A later video captured the glorious moment when I could finally return The Weight of Ink to the library’s reopened drop box, performed with a flourish like dunking a basketball. “Nothing but net!” I exclaimed.
Recordings made at home, typically at the dining room table, covered other aspects of the pandemic, including risk tolerance, masks as fashion statements, the evolution of office attire from coats and ties all the way down to bathrobes, the necessity of thinking about burial arrangements (bottom line: finding a plot in a Jewish cemetery in Texas doesn’t make much sense for practical and religious reasons), and podcasts I listened to during my daily walks around Katonah (Kol Cambridge for Israeli music, The Latin Alternative for “the best new Latin rock, funk, hip-hop and electronic music”).
Beyond the creative project, Judaism has been a constant reassurance in the pandemic. I’ve tried to say the Sh’ma prayer in the morning, study chapters of the Tanach at the excellent site 929.org.il, and listen to “Take One,” a weekday podcast on the daily page of the Talmud, or Daf Yomi. My shul, Chabad of Bedford, stands as a bedrock of support. I’ve been going there regularly since I moved to Katonah in 2015. Following a fire that destroyed our rented building in February 2019, the congregation moved to space in an office park. That worked well until the pandemic hit and the last on-site service I attended was on that memorable March 7 I mentioned earlier. On-site services ended after the next Shabbat.
But by late May, on-site services resumed at an outdoor cafe patio of the office park. Services held in nature lent Shabbat an ancient, primal vibe. In the summer, we were sweating under the cafe’s umbrellas; come fall, we were cool and surrounded by the trees with leaves changing colors (with the drone of leaf blowers often accompanying the Torah readings). By late November, services moved back indoors, with all the proper safety precautions. We’re not touching the edge of a tallis or siddur to the Torah scrolls, and we’re not noshing at a post-service kiddush—and that’s the way it should be in a pandemic. The important point is our services are an oasis of Jewish solidarity, a statement of resiliency in the face of social upheaval and isolation.

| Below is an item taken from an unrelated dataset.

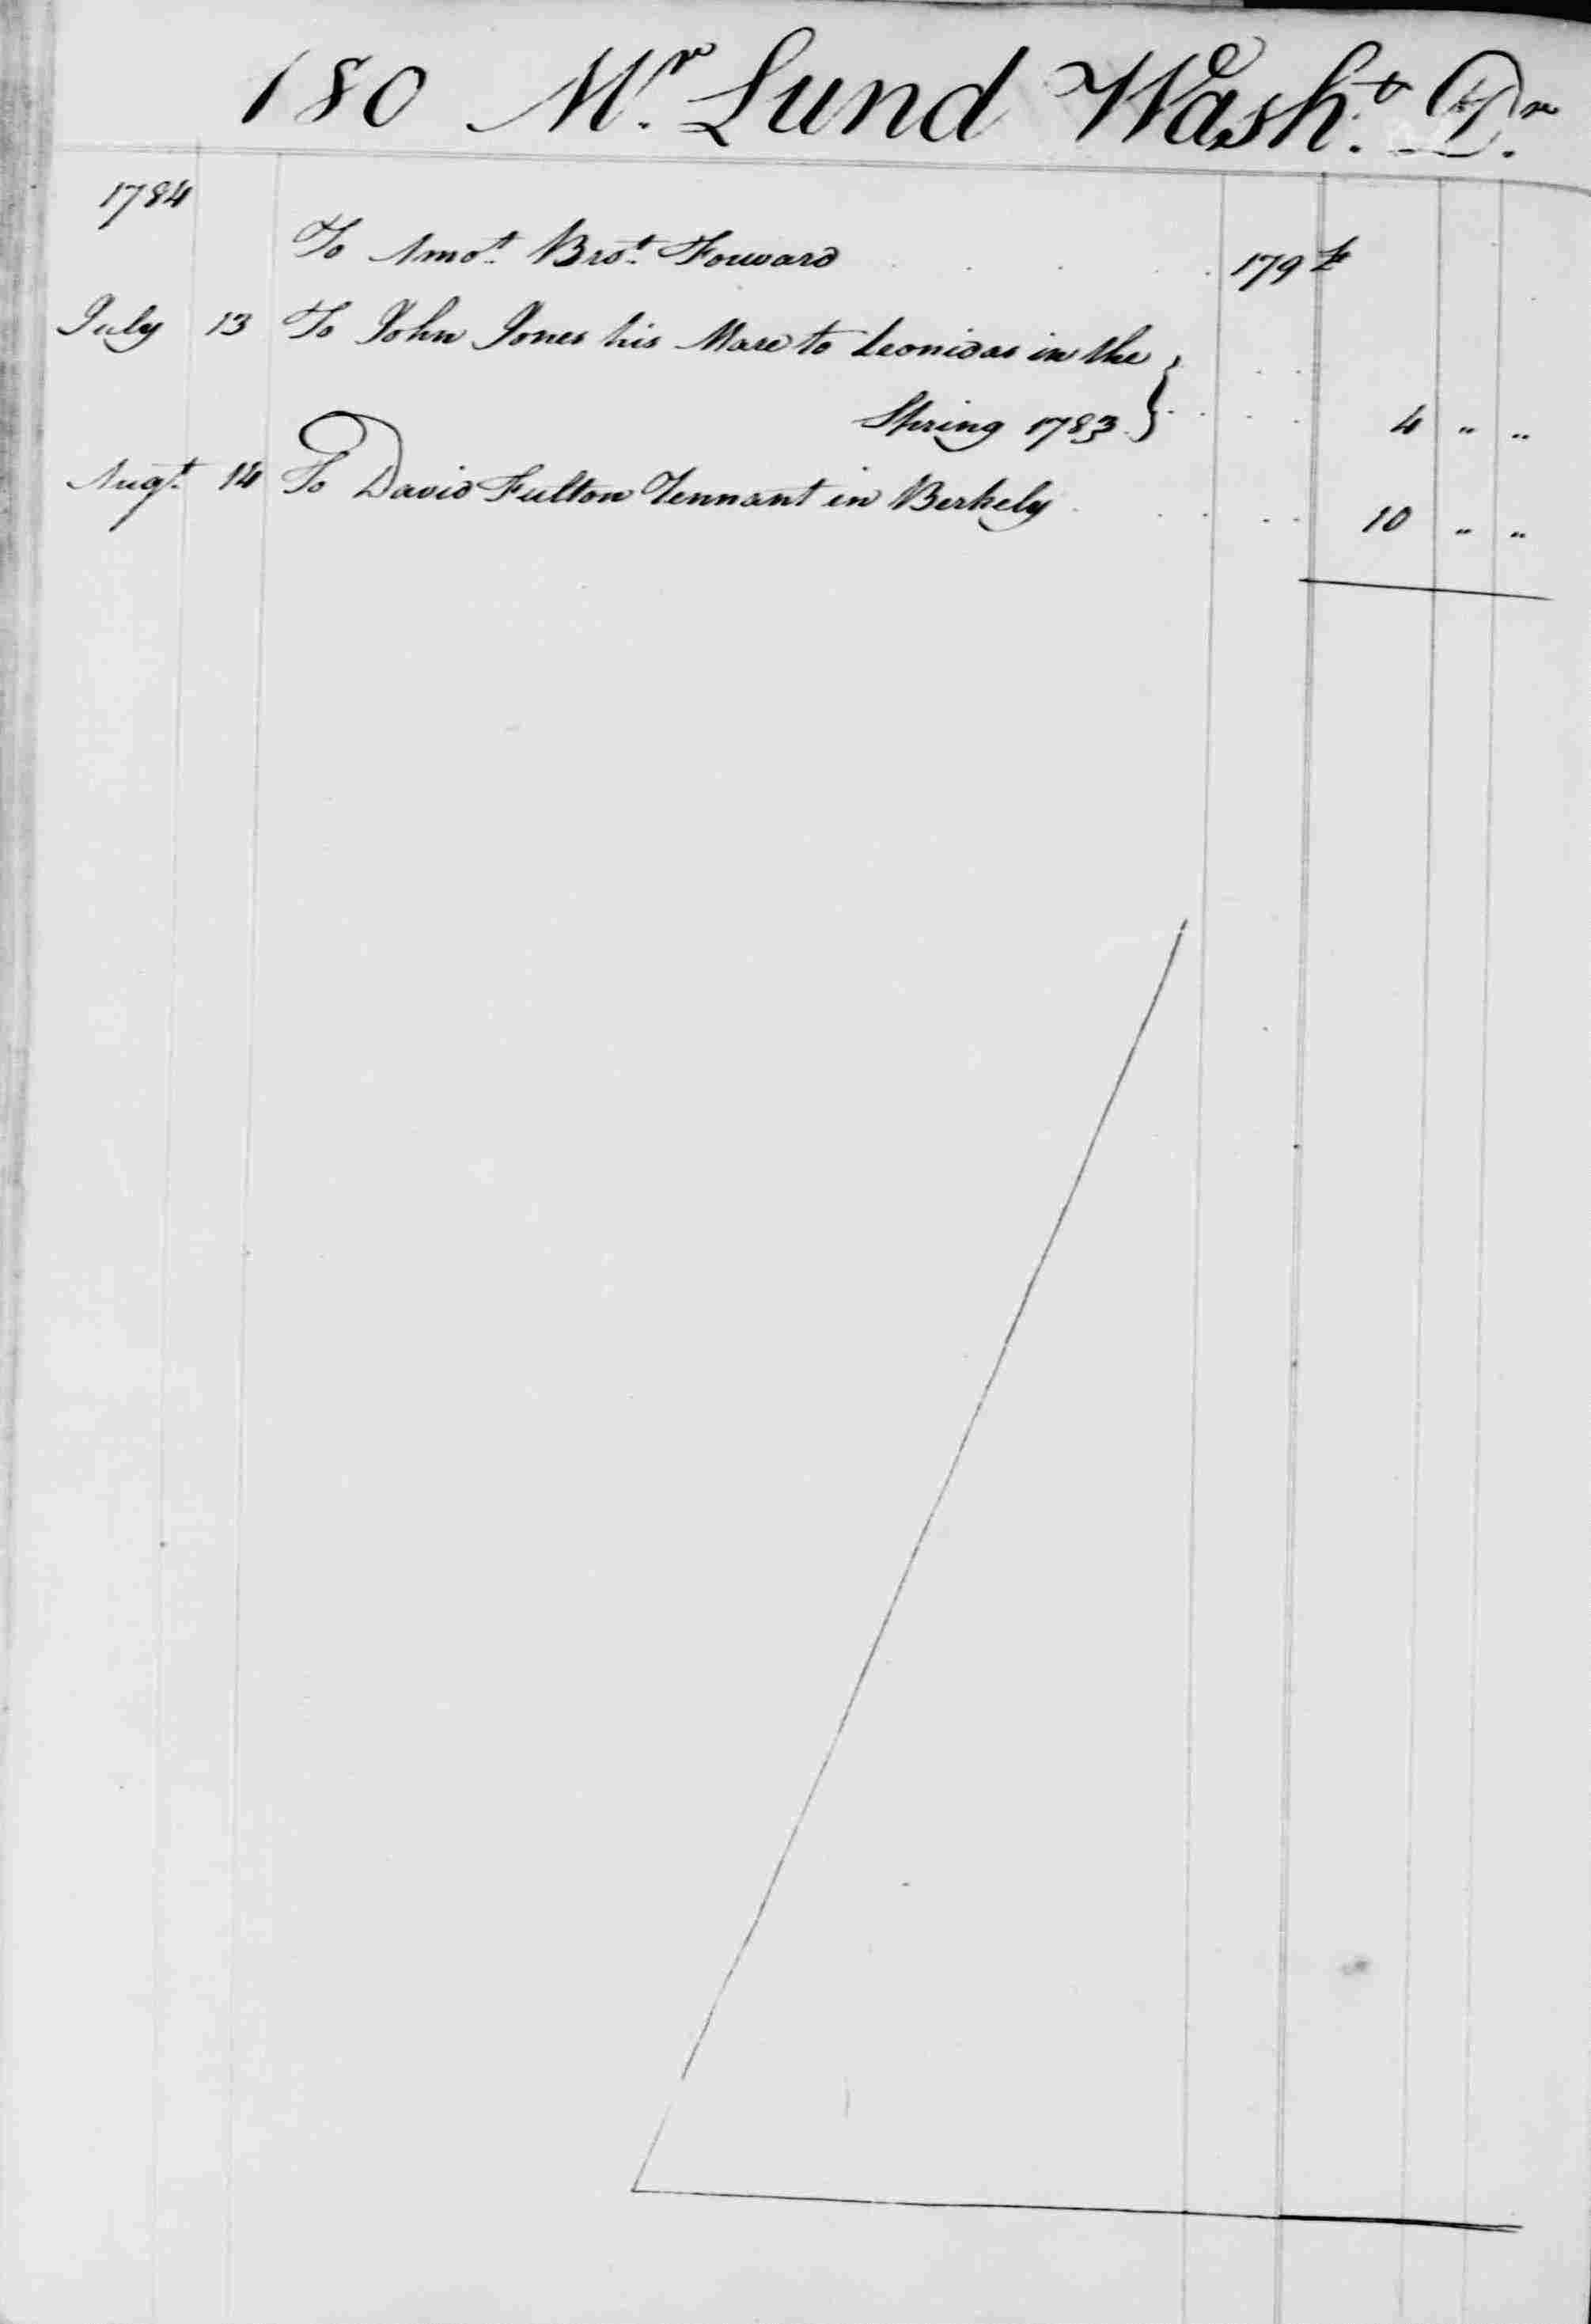 Ledger B, folio 180, left side

As 2020 shuddered to a close, I looked backward to those fateful late-winter days at the hinge of history, titled “March 2020: Skating on Thinnest Ice,” The complete text and the video version can be found here.
The images continue to evolve. My camera roll brims with yard signs from the presidential campaign, scenes of flaming sunsets behind bare trees, the inspiring sidewalk drawings of the anonymous artist known as the Katonah Chalker, reopened stores, mask litter, empty train stations with year-old advertising posters, self-portraits in my Day of the Dead mask, anything that catches my attention. Whatever 2021 brings, for good or ill, I’ll speak my mind about it, complete with pictures.